RECORDS FOR THE TASK section start

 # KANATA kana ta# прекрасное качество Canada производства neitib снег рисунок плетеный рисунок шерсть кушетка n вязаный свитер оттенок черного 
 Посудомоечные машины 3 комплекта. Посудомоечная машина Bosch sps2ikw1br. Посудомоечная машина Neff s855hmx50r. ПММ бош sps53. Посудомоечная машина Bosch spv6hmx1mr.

RECORDS FOR THE TASK section end
RECORDS FOR THE TASK section start

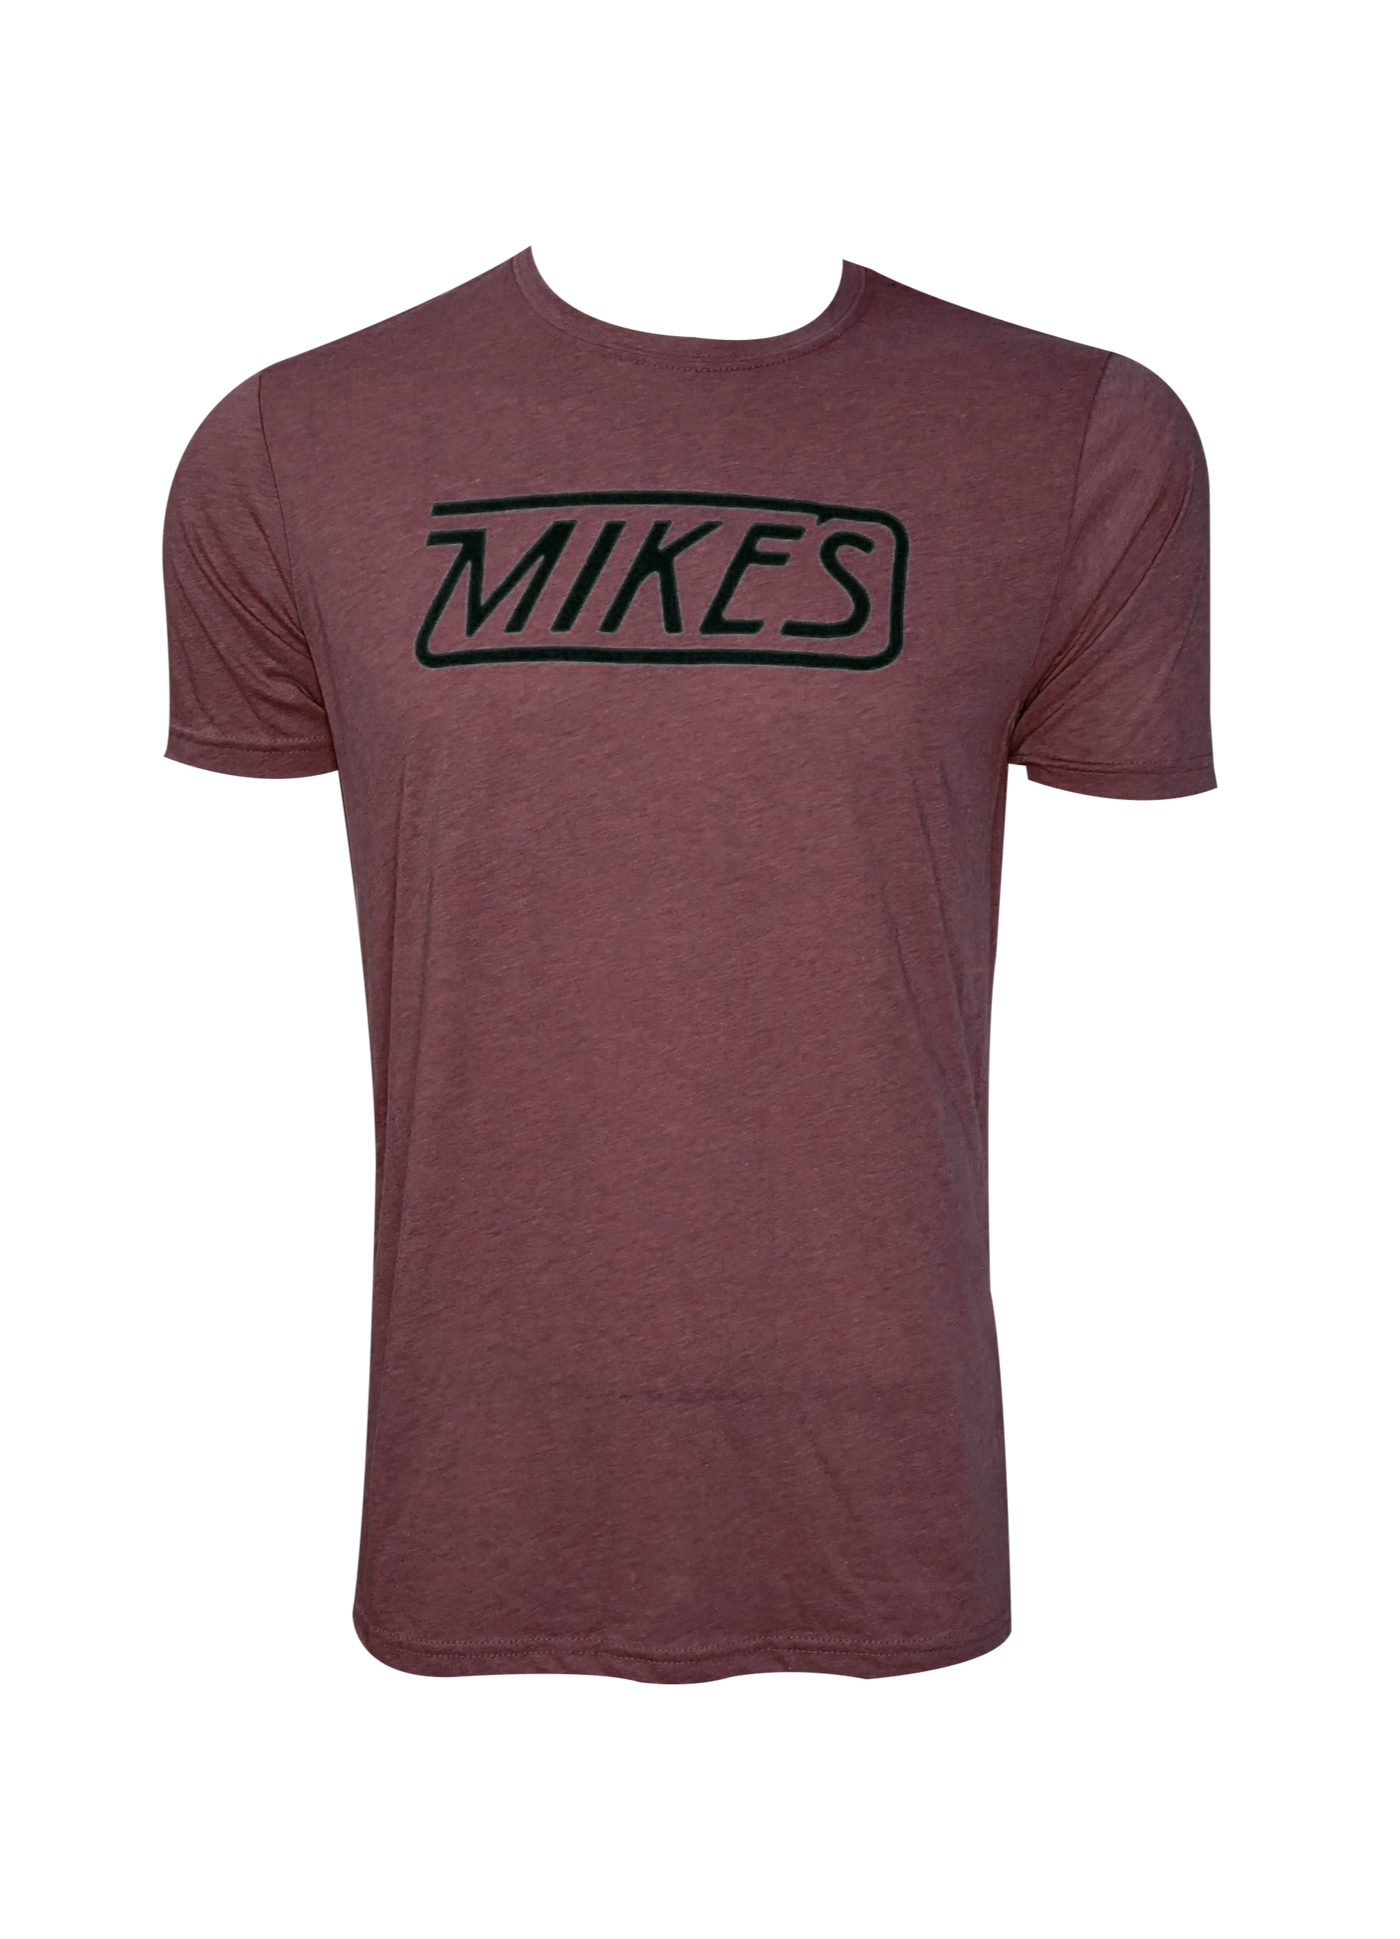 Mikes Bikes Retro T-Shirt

RECORDS FOR THE TASK section end
RECORDS FOR THE TASK section start

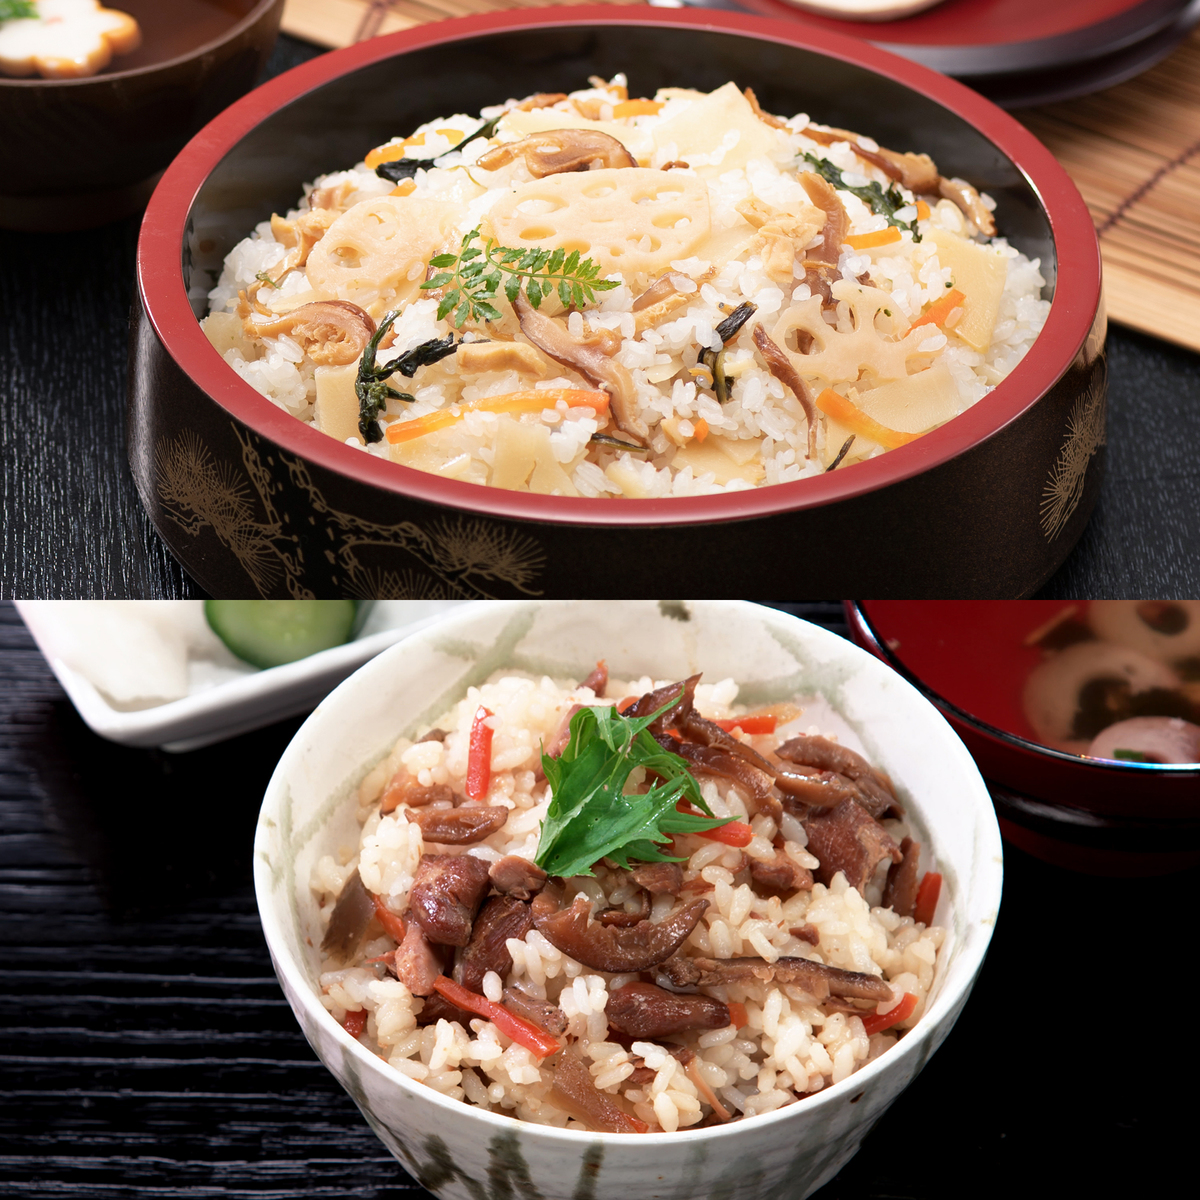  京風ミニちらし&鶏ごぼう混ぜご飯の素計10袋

RECORDS FOR THE TASK section end

• TASK REQUIREMENTS: The output should be exactly the lines above from the line containing "# KANATA kana" to the line containing "Посудомоечные машины 3", inclusive, with no other lines.

• TASK ANSWER:
 # KANATA kana ta# прекрасное качество Canada производства neitib снег рисунок плетеный рисунок шерсть кушетка n вязаный свитер оттенок черного 
 Посудомоечные машины 3 комплекта. Посудомоечная машина Bosch sps2ikw1br. Посудомоечная машина Neff s855hmx50r. ПММ бош sps53. Посудомоечная машина Bosch spv6hmx1mr.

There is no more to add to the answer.